For implementing queue, we need to keep track of two indices, front, and rear. We enqueue an item at the rear and dequeue an item from the front. If we simply increment front and rear indices, then there may be problems, the front may reach the end of the array. The solution to this problem is to increase front and rear in a circular manner

# Python3 program for array implementation of queue 
  
# Class Queue to represent a queue 
class Queue: 
  
    # __init__ function 
    def __init__(self, capacity): 
        self.front = self.size = 0
        self.rear = capacity -1
        self.Q = [None]*capacity 
        self.capacity = capacity 
      
    # Queue is full when size becomes 
    # equal to the capacity  
    def isFull(self): 
        return self.size == self.capacity 
      
    # Queue is empty when size is 0 
    def isEmpty(self): 
        return self.size == 0
  
    # Function to add an item to the queue.  
    # It changes rear and size 
    def EnQueue(self, item): 
        if self.isFull(): 
            print("Full") 
            return
        self.rear = (self.rear + 1) % (self.capacity) 
        self.Q[self.rear] = item 
        self.size = self.size + 1
        print("%s enqueued to queue"  %str(item)) 
  
    # Function to remove an item from queue.  
    # It changes front and size 
    def DeQueue(self): 
        if self.isEmpty(): 
            print("Empty") 
            return
          
        print("%s dequeued from queue" %str(self.Q[self.front])) 
        self.front = (self.front + 1) % (self.capacity) 
        self.size = self.size -1
          
    # Function to get front of queue 
    def que_front(self): 
        if self.isEmpty(): 
            print("Queue is empty") 
  
        print("Front item is", self.Q[self.front]) 
          
    # Function to get rear of queue 
    def que_rear(self): 
        if self.isEmpty(): 
            print("Queue is empty") 
        print("Rear item is",  self.Q[self.rear]) 
  
  
# Driver Code 
if __name__ == '__main__': 
  
    queue = Queue(30) 
    queue.EnQueue(10) 
    queue.EnQueue(20) 
    queue.EnQueue(30) 
    queue.EnQueue(40) 
    queue.DeQueue() 
    queue.que_front() 
    queue.que_rear() 

3. Application Queue

• When a resource is shared among multiple consumers. Examples include CPU scheduling, Disk Scheduling.
• When data is transferred asynchronously (data not necessarily received at the same rate as sent) between two processes. Examples include IO Buffers, pipes, file IO, etc.

4. Types of Queue

4.1 Priority Queue

struct item {
   int item;
   int priority;
}

• Every item has a priority associated with it.
• An element with high priority is dequeued before an element with low priority.
• If two elements have the same priority, they are served according to their order in the queue.

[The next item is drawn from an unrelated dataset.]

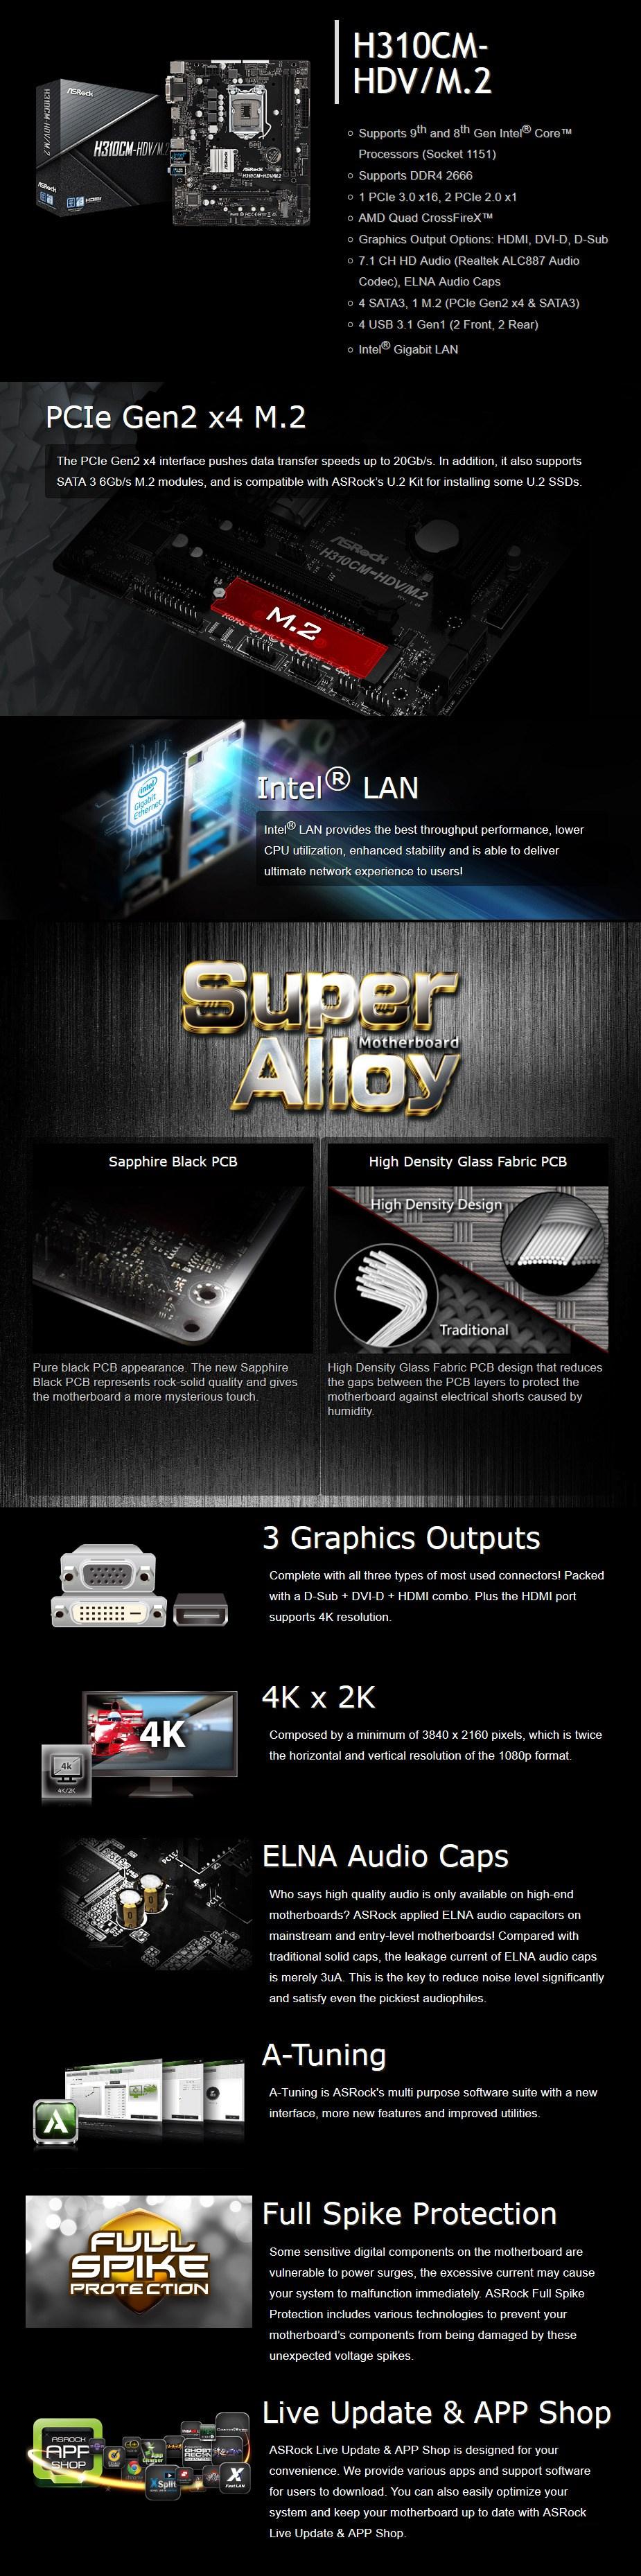 ASRock H310CM-HDV/M.2 LGA 1151 M-ATX Motherboard - Desktop Overview 1

4.1.1 Implementation: Using Heaps

Heap is generally preferred for priority queue implementation because heaps provide better performance compared to arrays or linked lists. In a Binary Heap, getHighestPriority() can be implemented in O(1) time, insert() can be implemented in O(Logn) time and deleteHighestPriority() can also be implemented in O(Logn) time.
With Fibonacci heap, insert() and getHighestPriority() can be implemented in O(1) amortized time and deleteHighestPriority() can be implemented in O(Logn) amortized time.

4.1.2 Application of Priority Queue

• CPU Scheduling
• Graph algorithms like Dijkstra's shortest path algorithms, Prim's Minimum Spanning Tree, etc
• All queue applications where priority is involved.

4.2 Deque

Deque or double-ended queue is a generalized version of The queue data structure that allows insert and delete at both ends.

4.2.1 Implementation: Using a doubly linked list or circular array

A Deque can be implemented either using a doubly-linked list or circular array. In both implementations, we can implement all operations in O(1) time. We will soon be discussing C/C++ implementation of the Deque Data structure.

4.2.2 Application of Deque

Since Deque supports both stack and queue operations, it can be used as both. The Deque data structure supports clockwise and anticlockwise rotations in O(1) time which can be useful in certain applications.
Also, the problems where elements need to be removed and or added both ends can be efficiently solved using Deque. 

4.3 Circular Queue

• enQueue(value) This function is used to insert an element into the circular queue. In a circular queue, the new element is always inserted at the Rear position.
• Steps:
  1. Check whether queue is Full – Check ((rear == SIZE-1 && front == 0) || (rear == front-1)).
  2. If it is full then display Queue is full. If queue is not full then, check if (rear == SIZE – 1 && front != 0) if it is true then set rear=0 and insert element.
• deQueue() This function is used to delete an element from the circular queue. In a circular queue, the element is always deleted from the front position.
• Steps:
  1. Check whether a queue is Empty means check (front==-1).
  2. If it is empty then display Queue is empty. If the queue is not empty then step 3
  3. Check if (front==rear) if it is true then set front=rear= -1 else check if (front==size-1), if it is true then set front=0 and return the element.

4.3.1 Time Complexity

The time complexity of enQueue(), deQueue() operation is O(1) as there is no loop in any of the operations.

4.3.2 Applications

• Memory Management: The unused memory locations in the case of ordinary queues can be utilized in circular queues.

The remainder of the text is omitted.